= Beginning of Section =
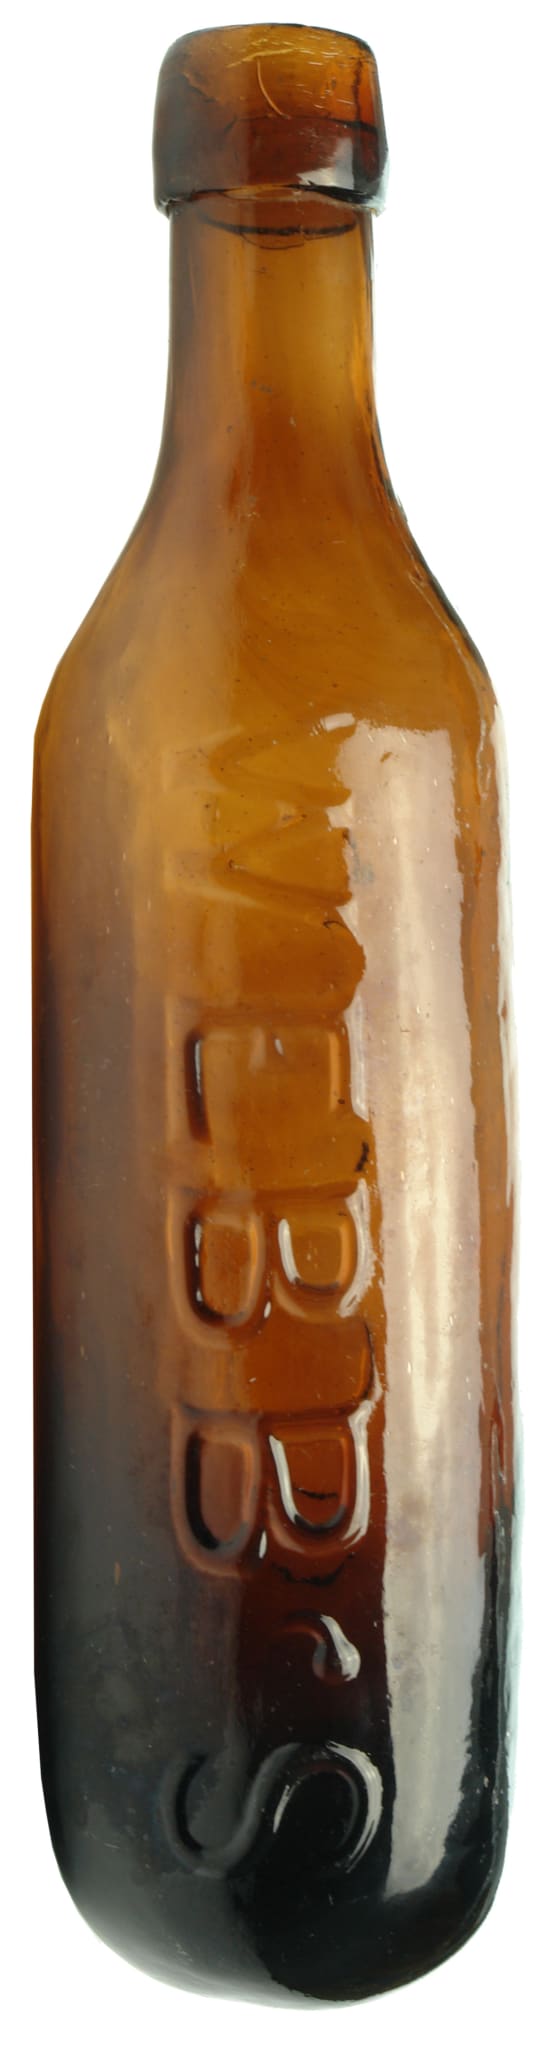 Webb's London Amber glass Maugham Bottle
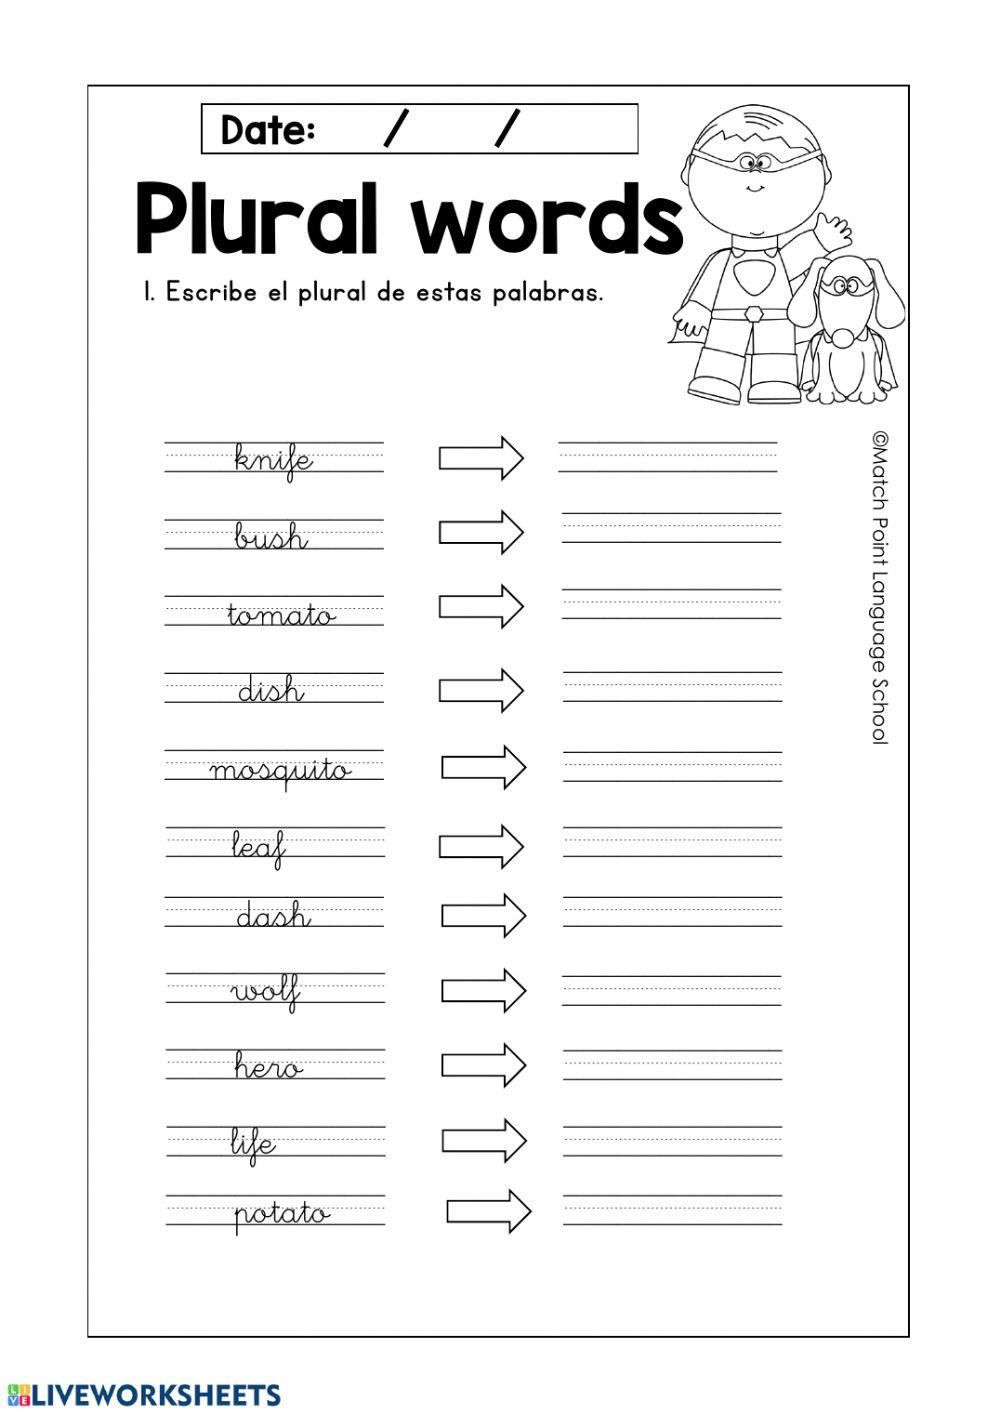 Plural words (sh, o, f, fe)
= End of Section =
= Beginning of Section =
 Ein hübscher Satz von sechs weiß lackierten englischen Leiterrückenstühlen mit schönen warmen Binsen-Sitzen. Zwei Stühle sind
= End of Section =
## Task prompt
For this exercise, transcribe exactly the part of the records above that opens with the line containing "Webb's London Amber glass Maugham Bottle" and closes with the one containing "Plural words (sh, o, f, fe)". Pictures are not part of the copy.

## Task output
 Webb's London Amber glass Maugham Bottle
 Plural words (sh, o, f, fe)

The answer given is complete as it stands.